Autrement dit: «Les flemmards d’aujourd’hui sont les héros de demain», comme le résume LeMatin.ch. Clairement du deuxième degré, s’il était encore besoin de le préciser. Ce qui n’empêche pas un de ses commentateurs d’écrire: «Je n’y vois, moi, que du premier degré. Des individus terrorisés, apathiques, affalés sur leur canapé à regarder hypnotiquement des séries infantilisantes en grignotant de la nourriture pathogène commandée en ligne.» Non, ce «ton humoristique […] tranche nettement avec les campagnes de prévention officielle françaises, plutôt anxiogènes», rétorque La Dépêche du Midi, qui mettent «notamment en scène des membres d’une famille faisant la fête et se retrouvant sur un lit en réanimation»:

Die Welt, pour sa part, se fait plutôt l’écho des critiques négatives. Certains se plaignent, par exemple, «du fait que la solitude, la violence domestique ou les angoisses existentielles ne jouent pas de rôle dans ces spots» ou prétendent que les vrais «héros», ce sont les membres du personnel de santé. La campagne a également suscité des réactions en dehors de l’Allemagne. Un journaliste du Financial Times, Henry Mance, a écrit sur Twitter: «Je peux supporter que la réponse allemande à la pandémie soit meilleure que la notre, mais je ne crois pas pouvoir supporter qu'elle soit plus drôle»:

C’est «parfaitement maladroit», renchérit le Redaktionsnetzwerk Deutschland, cette accumulation laudative d'«esprits serviles vendus à la restauration rapide, dans des appartements où il semble ne pas y avoir de tâches ou de travaux domestiques à effectuer, des appartements grands, calmes, bien chauffés. Bref, peu importent ces fêtes qui n’ont plus lieu, puisqu’on a Netflix, des pizzas et son égocentrisme à cultiver. Oui, c’est drôle, les gens aiment ça. Même les Britanniques, mais ils n’ont plus eu de quoi rire depuis longtemps, ce qui peut réduire leurs attentes.»

Tant de questions…

Alors les questions s’accumulent. Comment les parents stressés gèrent-ils l’école à domicile, comment supportent-ils le télétravail? «Qu’est-ce que les vrais héros sont censés penser de cela, ceux que plus personne n’applaudit depuis longtemps, les infirmières, les soignants? Et ceux qui ne sont pas là à flemmarder avec des nuggets de poulet sur leur table de salon, ceux qui doivent gérer les tensions familiales ou les violences? Qu’y a-t-il de drôle dans le fait que l’été est finalement raté, alors qu’il aurait dû rendre cet hiver plus supportable?»…

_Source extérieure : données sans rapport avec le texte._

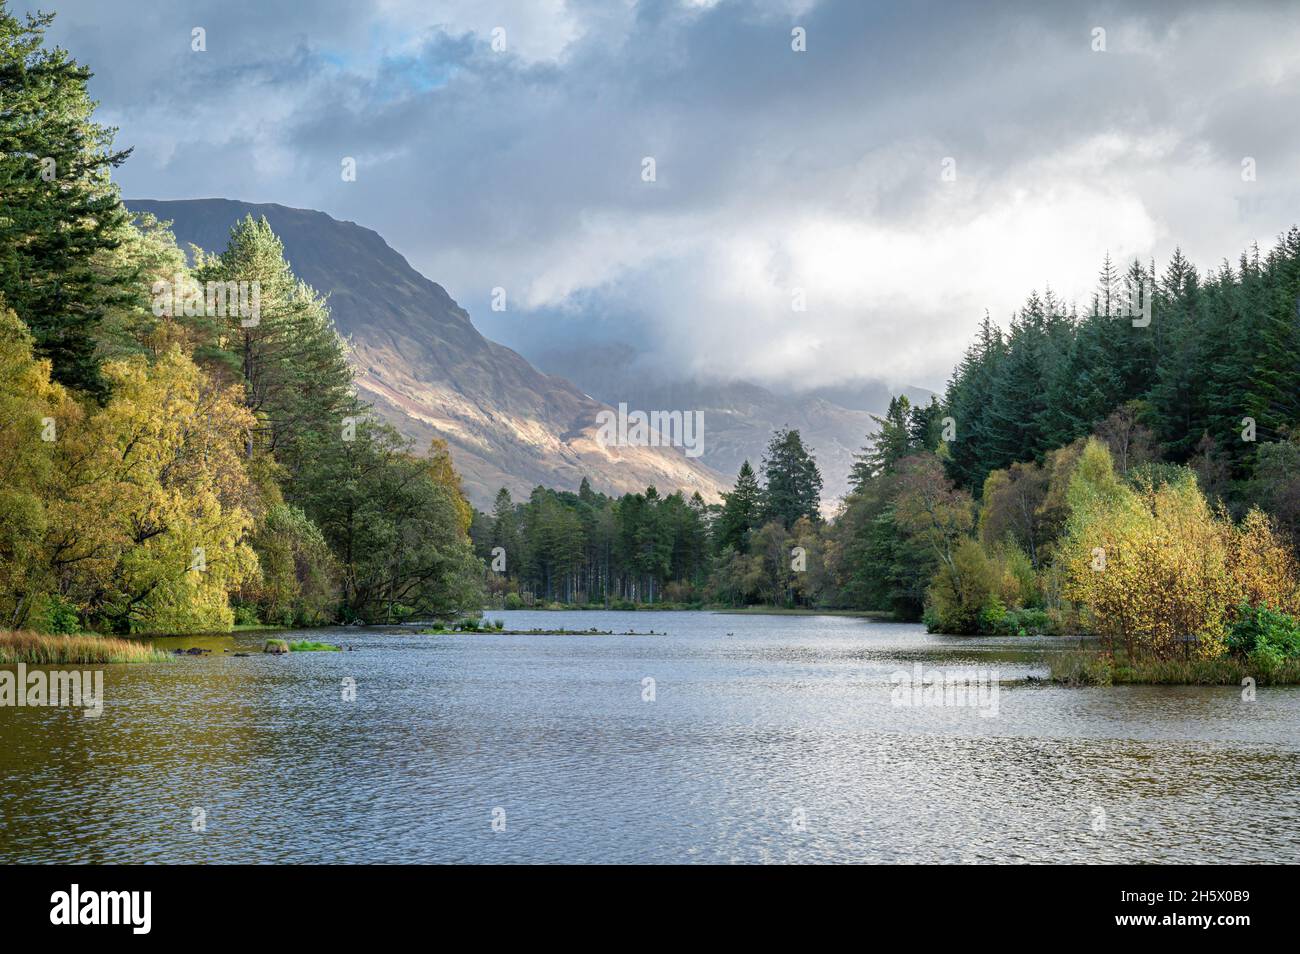 The natural landscape of the Scottish Highlands at Glencoe Lochan Stock Photo

…Pourquoi le groupe cible devrait-il rire avec le gouvernement fédéral après que tous les politiciens ont insulté les jeunes irresponsables et les ont accusés d’être le principal problème de la deuxième vague?

Si, pour une fois, les étrangers trouvent en majorité que l’Allemagne fait preuve d’humour, il semblerait qu’il y ait tout de même un léger biais d’interprétation.